WASHINGTON, D.C.  20549

 

FORM 8-K

 

CURRENT REPORT PURSUANT TO
SECTION 13 OR 15(d) OF THE
SECURITIES EXCHANGE ACT OF 1934

 

Date of Report (Date of earliest event reported): February 21, 2022

 

WESTWATER RESOURCES, INC.

(Exact Name of Registrant as Specified in Charter)

 

Delaware   001-33404   75-2212772
(State or Other Jurisdiction   (Commission File Number)   (IRS Employer
of Incorporation)       Identification No.)

 

6950 S. Potomac Street, Suite 300
Centennial, Colorado
  80112
(Address of Principal Executive Offices)   (Zip Code)

 

Registrant’s telephone number, including area code: (303) 531-0516

 

(Former Name or Former Address, if Changed Since Last Report)

 

Check the appropriate box below if the Form 8-K filing is intended to simultaneously satisfy the filing obligation of the registrant under any of the following provisions (see General Instruction A.2. below):

 

¨Written communications pursuant to Rule 425 under the Securities Act (17 CFR 230.425)

 

¨Soliciting material pursuant to Rule 14a-12 under the Exchange Act (17 CFR 240.14a-12)

 

¨Pre-commencement communications pursuant to Rule 14d-2(b) under the Exchange Act (17 CFR 240.14d-2(b))

 

¨Pre-commencement communications pursuant to Rule 13e-4(c) under the Exchange Act (17 CFR 240.13e-4(c))

 

Securities registered pursuant to Section 12(b) of the Act:

 

Title of Each Class   Trading Symbol(s)   Name of Each Exchange
on Which Registered
Common Stock, $0.001 par value   WWR   NYSE American

 

Indicate by check mark whether the registrant is an emerging growth company as defined in Rule 405 of the Securities Act of 1933 (§230.405 of this chapter) or Rule 12b-2 of the Securities Exchange Act of 1934 (§240.12b–2 of this chapter).

 

Emerging growth company    ¨

 

If an emerging growth company, indicate by check mark if the registrant has elected not to use the extended transition period for complying with any new or revised financial accounting standards provided pursuant to Section 13(a) of the Exchange Act.    ¨

 

 

 

 

 

 

Item 1.01 Entry into a Material Definitive Agreement.

 

Effective February 26, 2022 (the “Effective Date”), John W. Lawrence entered into an Employment Agreement (the “Employment Agreement”) with Westwater Resources, Inc. (the “Company”) to serve as the Company’s General Counsel and Corporate Secretary.

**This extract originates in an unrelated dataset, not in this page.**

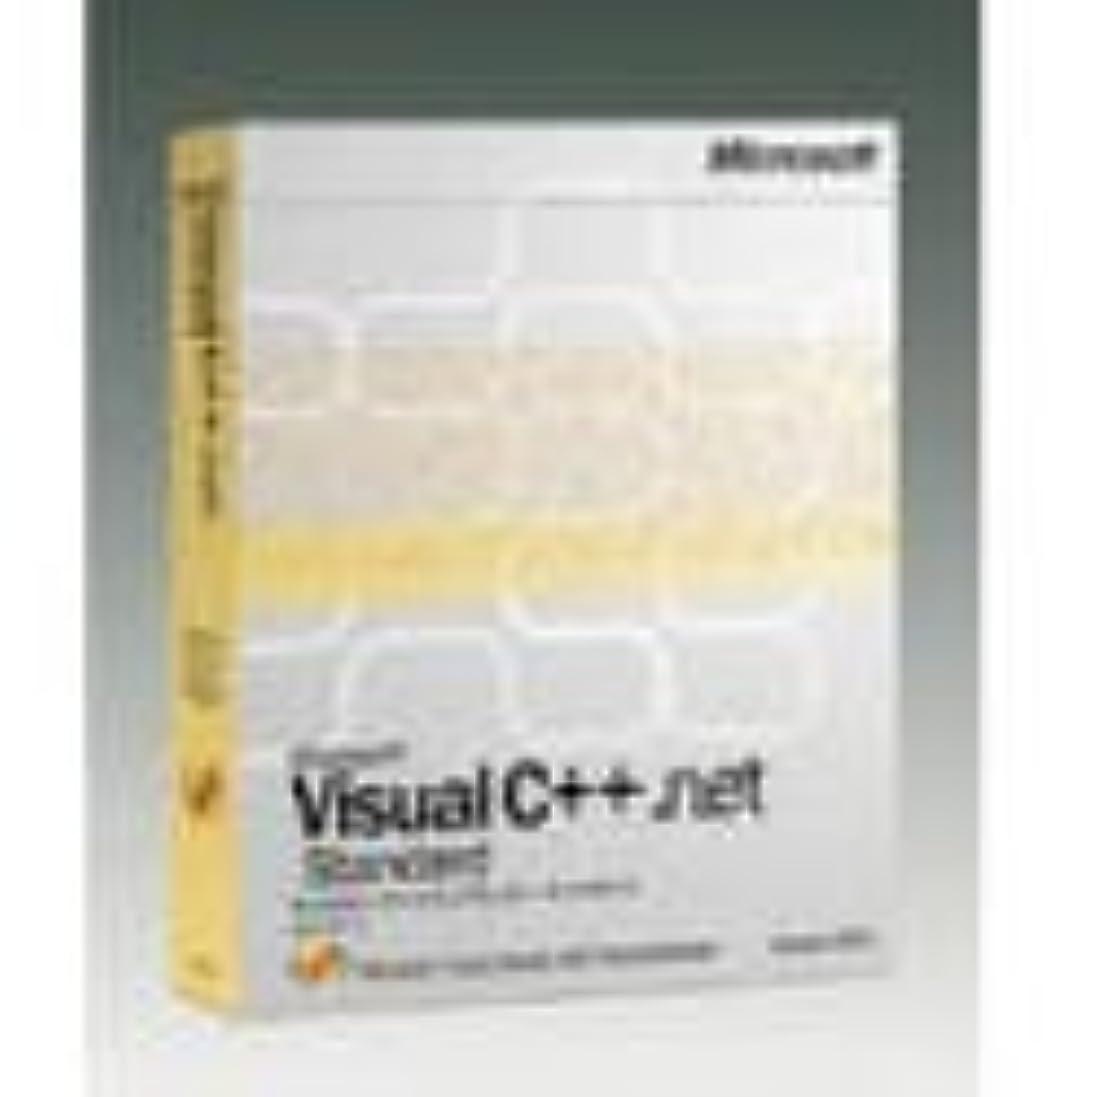 爵ポジティブ電子レンジMicrosoft Visual C++ .NET Standard Version 2002
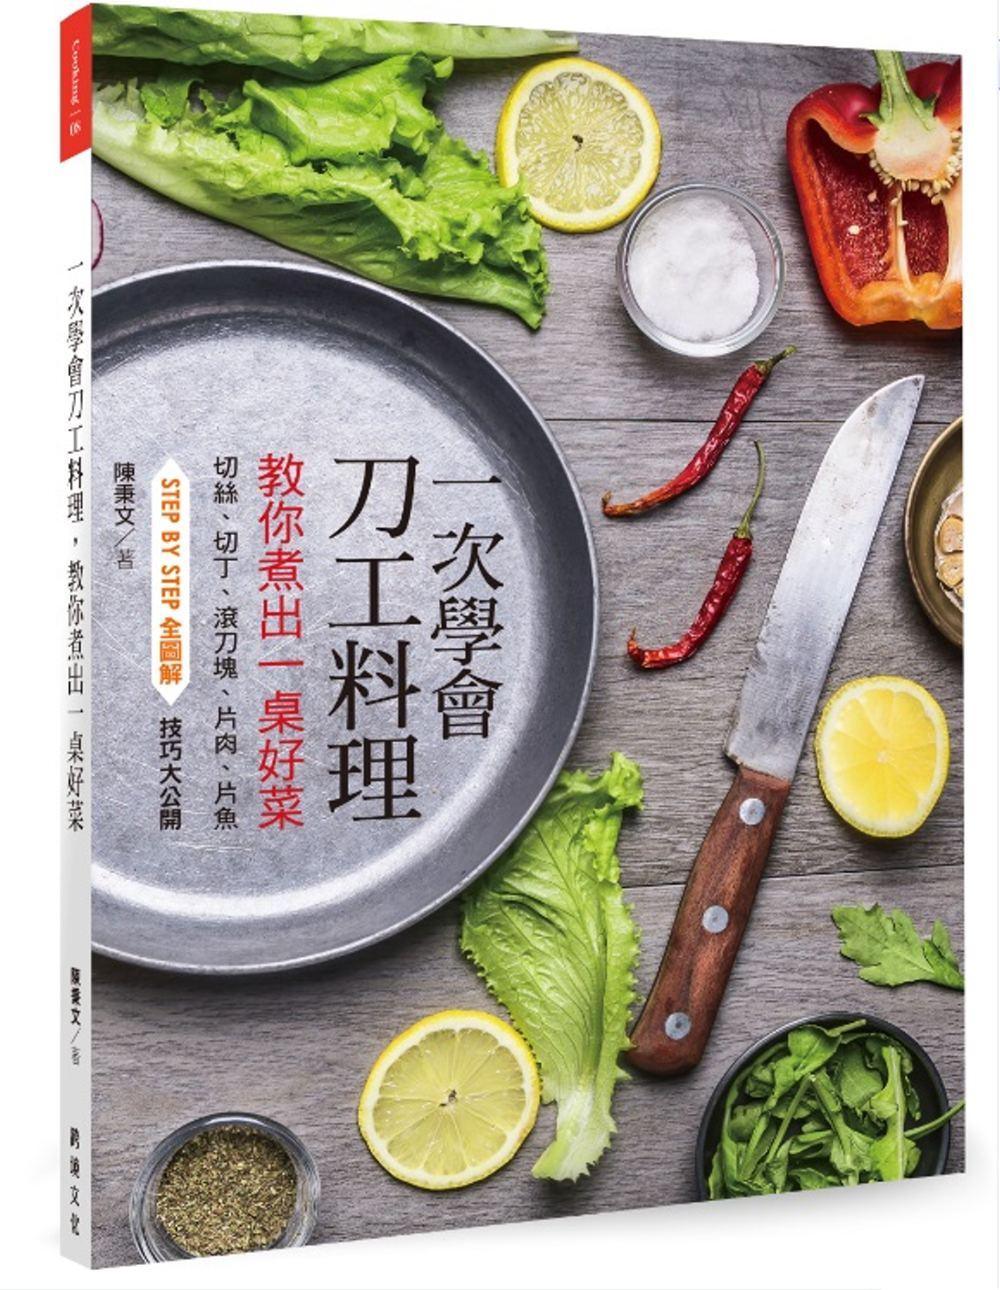 一次學會刀工料理,教你煮出一桌好菜:切絲、切丁、滾刀塊、片肉、片魚、果雕 STEP BY STEP全圖解 技巧大公開

Mr. Lawrence has been serving, in a contractual capacity, as the Company’s General Counsel since October 2012 and as the Company’s Corporate Secretary since May 2013. Pursuant to the Employment Agreement, Mr. Lawrence will receive an annual base salary of $265,000, is eligible for an annual, discretionary, performance-based bonus targeted at 50% of base salary on such terms and conditions as may be determined by the Board of Directors (the “Board”) or its Compensation Committee, and is eligible to receive long-term incentive equity awards targeted at 50% of base salary, pursuant to the Company’s 2013 Omnibus Incentive Plan, as amended, subject to such terms and conditions as may be determined by the Board or its Compensation Committee. On the Effective Date, Mr. Lawrence will receive a one-time grant of $80,000 of restricted stock units established based upon the volume weighted average price for the 10-business-day period prior to and including the Effective Date that vest, if at all, in equal parts over the next two years on the anniversary of the Effective Date. If Mr. Lawrence is terminated other than for cause, Mr. Lawrence will receive 6 months of salary as severance. Mr. Lawrence is also subject to covenants regarding non-competition, non-solicitation, and confidentiality.

 

The foregoing description of the Employment Agreement is qualified in its entirety by reference to the full text of the Employment Agreement which is filed with this Current Report on Form 8-K as Exhibit 10.1.

 

Item 5.02Departure of Directors or Certain Officers; Election of Directors; Appointment of Certain Officers; Compensatory Arrangement of Certain Officers.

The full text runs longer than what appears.